• Exercise:
From the first line to the last, repeat the data exactly and drop the pictures.

• Data:
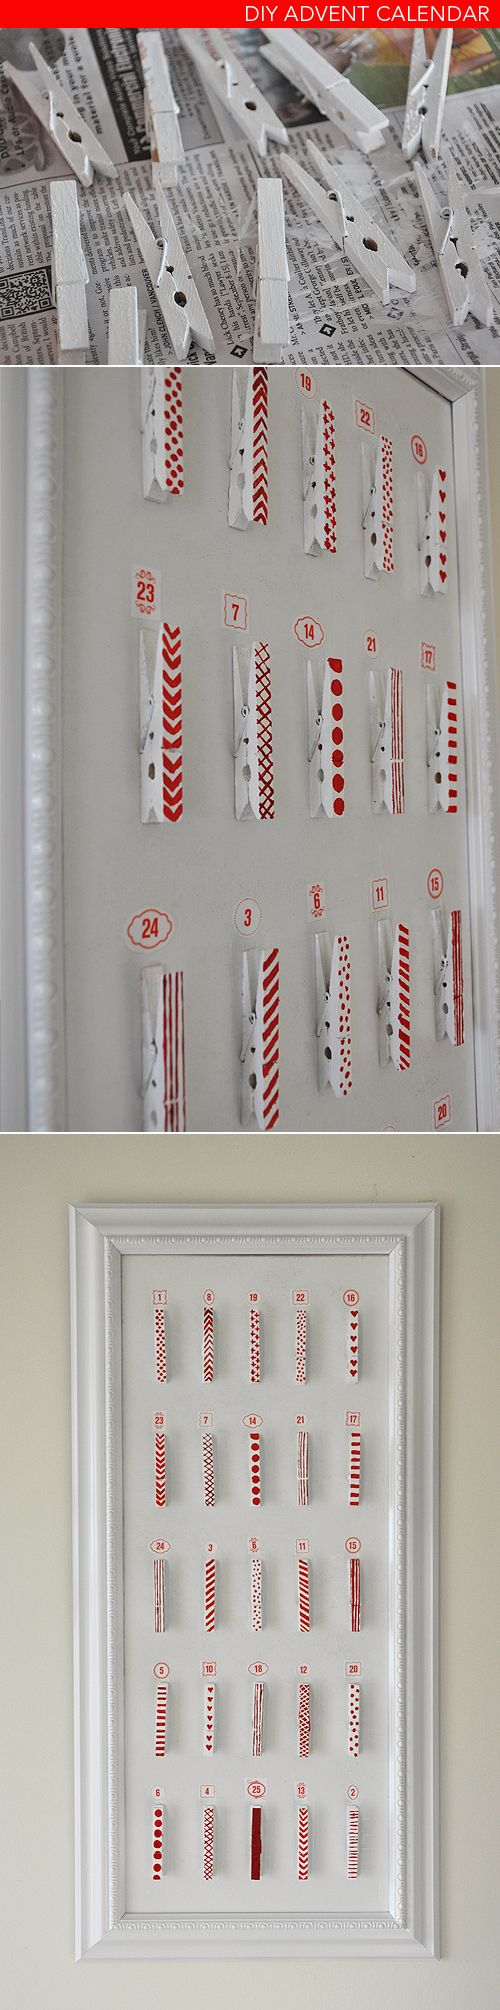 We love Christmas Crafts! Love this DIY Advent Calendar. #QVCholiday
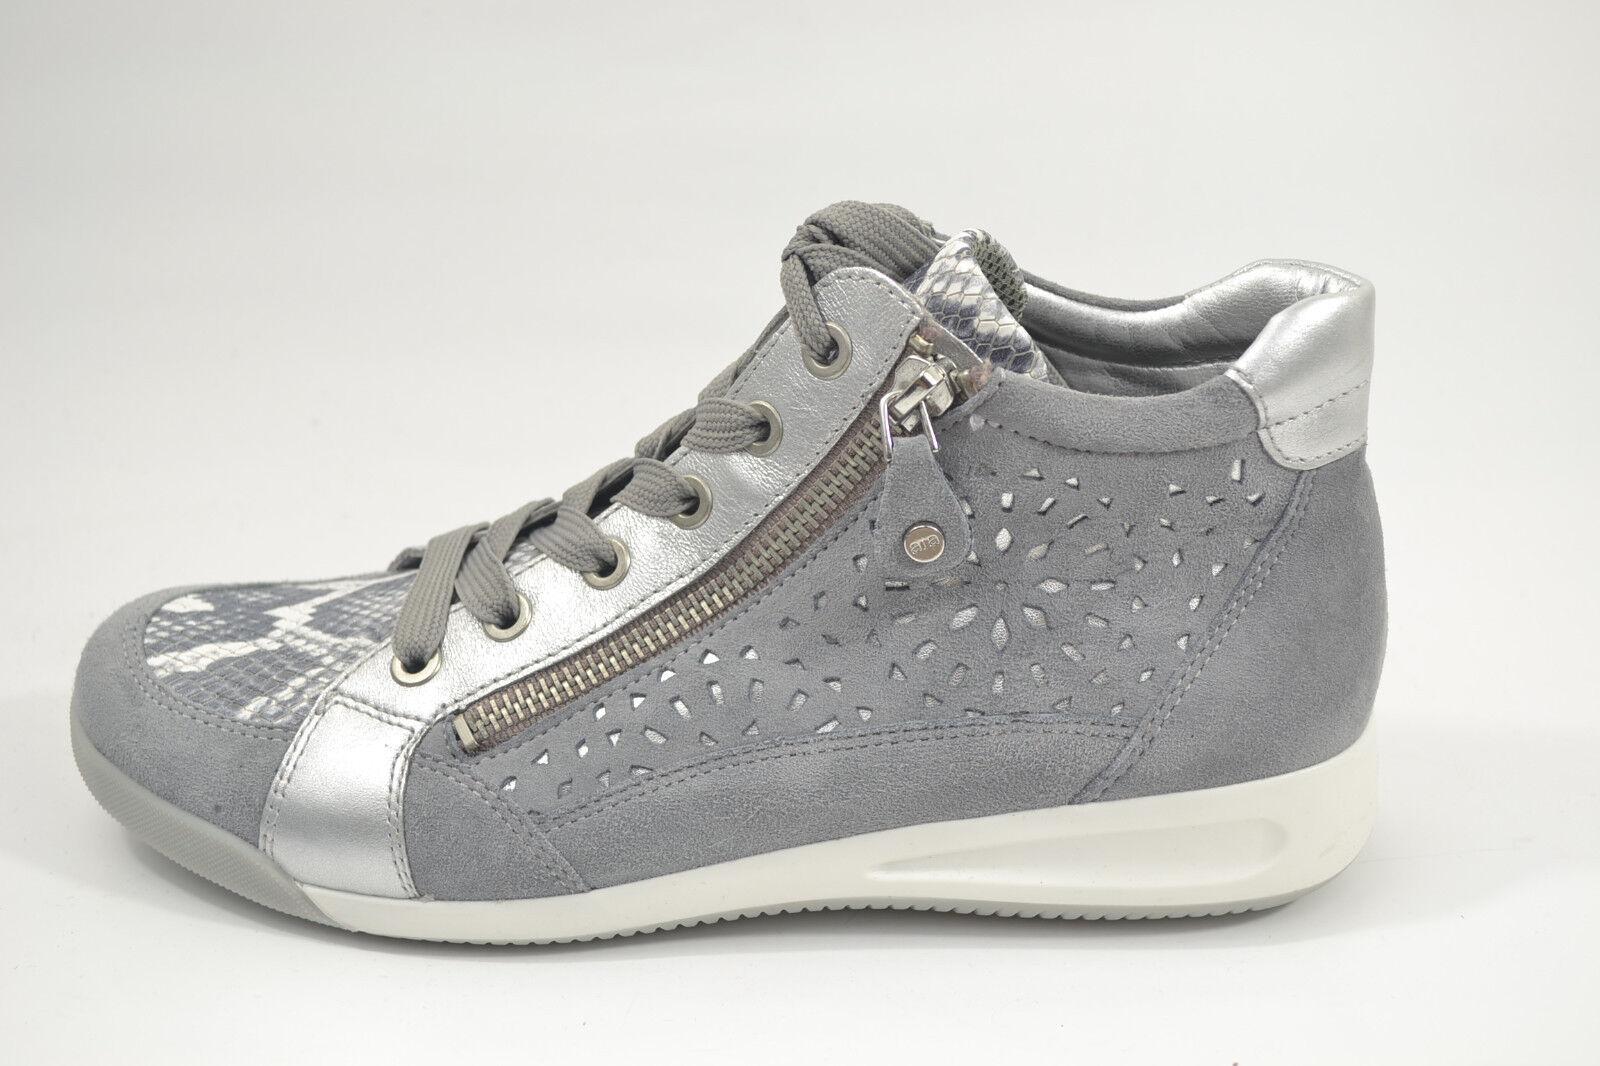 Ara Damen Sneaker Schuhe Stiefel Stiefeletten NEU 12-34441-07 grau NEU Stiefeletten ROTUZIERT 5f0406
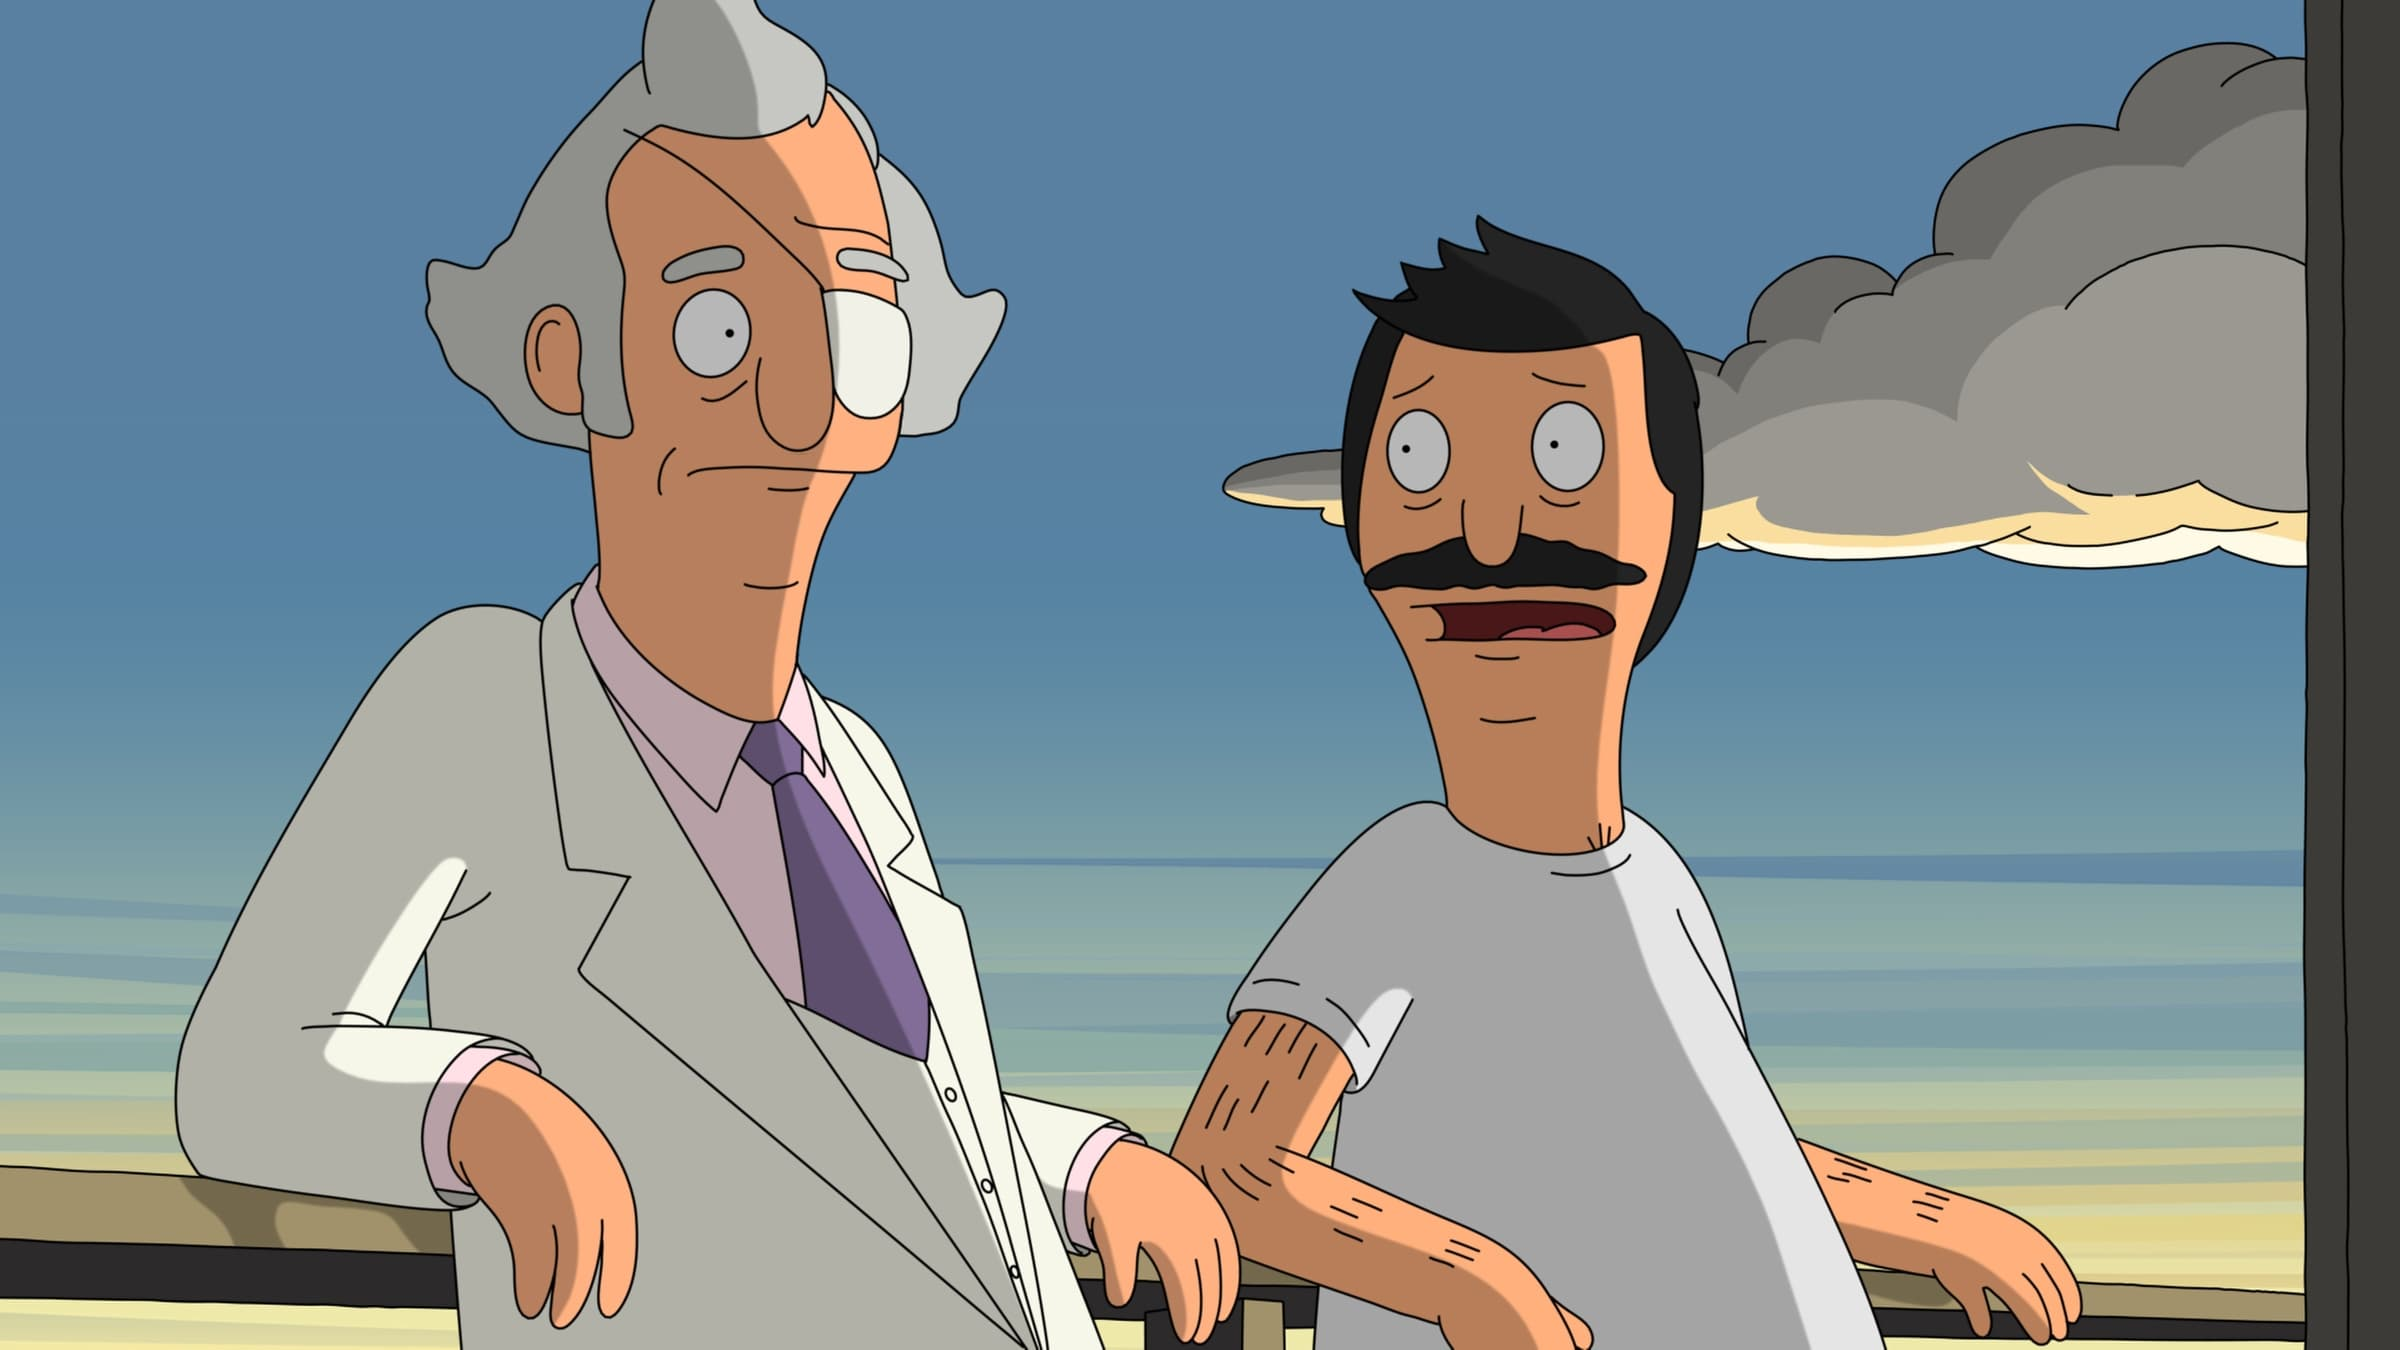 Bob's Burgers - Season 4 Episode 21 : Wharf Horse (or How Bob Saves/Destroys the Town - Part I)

• Reply to the task:
 We love Christmas Crafts! Love this DIY Advent Calendar. #QVCholiday
 Ara Damen Sneaker Schuhe Stiefel Stiefeletten NEU 12-34441-07 grau NEU Stiefeletten ROTUZIERT 5f0406
 Bob's Burgers - Season 4 Episode 21 : Wharf Horse (or How Bob Saves/Destroys the Town - Part I)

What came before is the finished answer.